Nazli graduated from the Azad University of Fine Art and Architecture in Tehran and was part of group exhibitions in Iran. She emigrated to Adelaide to join her Iranian husband in 2007. Now her first solo exhibition, A Private Voice, is showing at Mrs Harris’ Shop, a Torrensville gallery.
A Private Voice by Nazli Jianfar
At Mrs Harris’ Shop,
36 Jervois Street
Torrensville SA 5031
Exhibition runs until Sunday, 28 October.
After Iran’s Islamic Revolution in 1978-79, women were forced to cloak themselves from head to foot in black, the non-colour for non-equal people.
Black was the uniform of the “morality police” – extremist Muslim vigilantes who patrolled the streets and swooped on any woman who dared to wear a wayward bright scarf, makeup of any kind or what was deemed to be immodest clothing.
Nazli was thrown into overnight detention twice for such violations and narrowly escaped being whipped when the morality police invaded a private party she was attending with her husband.
“I have friends who were lashed, I have seen the photos of the scars on their backs,” she said.
Both Nazli’s father and grandfather were imprisoned for long periods for their political beliefs, putting enormous pressure on Nazli’s mother.
“Your whole life, you are angry. It’s not about being frightened, it’s about being suppressed,” she said.
“When I was in detention, I felt very strong. The whole time I was calming the other girls. But when I saw my mum who had come to get me the next day, I burst into tears.
“In Iran, your father or your husband has to sign your passport, you cannot rent a room or go to a hotel without their consent. In Iran, you are not a person, you belong to someone.”
“I had so much rage in me. I couldn’t control it until I started tai chi. My master taught me to calm myself.”
And Nazli didn’t just “do tai chi” – she went on to compete in national championships in Iran then became the first woman to represent Iran in the sport at the seventh World Wushu Championships in Macau in 2003.
She started teaching tai chi in Adelaide two years ago and last year won a gold and silver medal at the National Tai Chi Championships in Sydney.
That drive to learn and achieve, to overcome obstacles and find the best in life, shines through in Nazli’s skilful and precise yet passionate art.
A series of finely observed pencil drawings of male and female nudes serves as an antidote to the emotional tension of the paintings in A Private Voice.
Delicate lifelines trace the models’ bodies as they pose serenely amongst intriguing backgrounds that tell their life stories, taking the genre beyond the depiction of life models as archetypal human bodies.
The freedom to depict the human body is just one of the many joys of life in Australia for Nazli.

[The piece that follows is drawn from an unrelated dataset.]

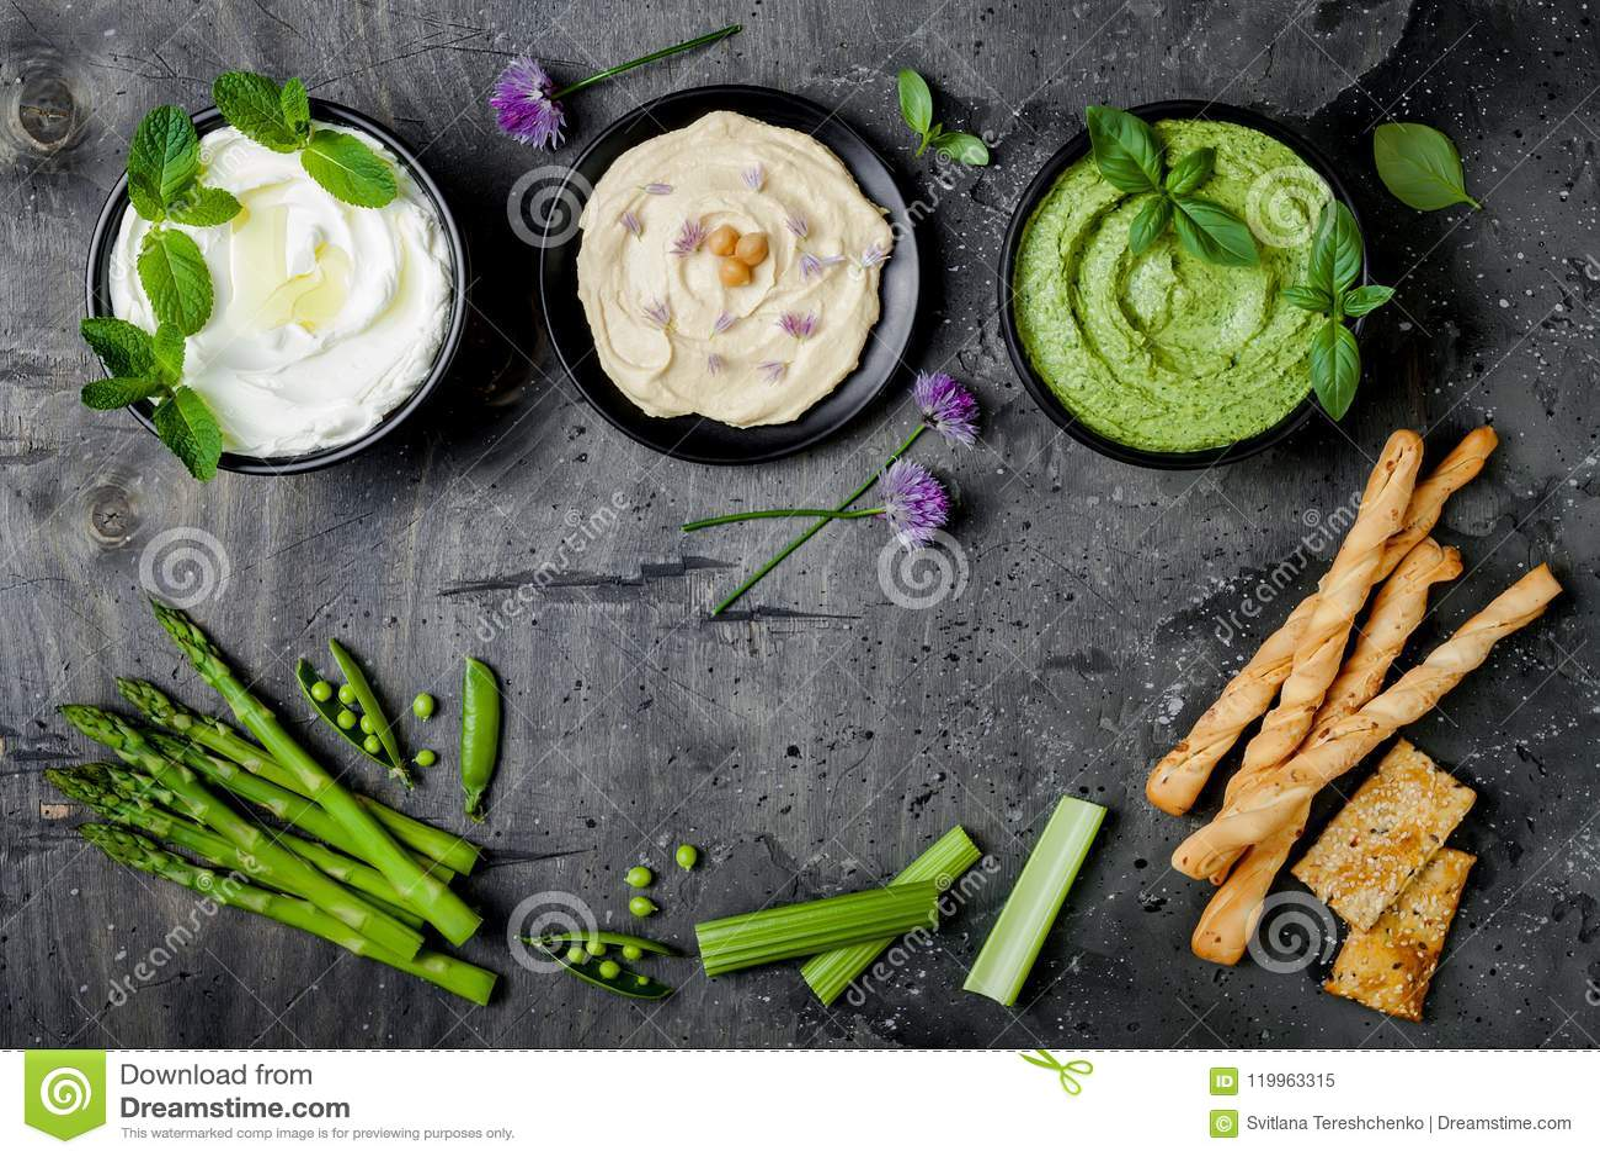 Rohes Snackbrett des grünen Gemüses mit verschiedenen Bädern Jogurtsoße oder labneh, hummus, Kraut hummus oder Pesto mit Crackern

She was able to leave the country to join her Iranian husband, who came to Australia before her as a skilled migrant.
“I found it quite natural here, I felt like a human, not just a woman,” she said. “I have found people in Adelaide to be very lovely. I love to chat with them, even when I’m walking my dog or sitting at a bus stop. I learn a lot from them.”
After the Iranian revolution, many forms of personal expression that did not conform with religious orthodoxy were banned, including visual art, music and books, which became items of precious contraband, smuggled between trusted friends.
Nazli was a voracious reader as a child and was encouraged to read widely by one of her art lecturers at university.
“He said what we absorb stays with you – you might not be able to express it back, but it will come out in your work.”
That intellectual grounding – and the harsh experiences of her early life – inform Nazli’s surrealist landscapes and dark palette, taking her work beyond technical mastery and surface aesthetic appeal.
“It’s my life, we had to wear black or navy all the time. Now I am bringing the colour back – but you will always see a dark side,” she said.
Now Nazli is an emphatically vibrant and lively presence, revelling in the freedom that life in Australia offers but working through the traumas she and her family suffered – of war, revolution, suppression, political imprisonment, and vast geographical separation, through her striking and complex art.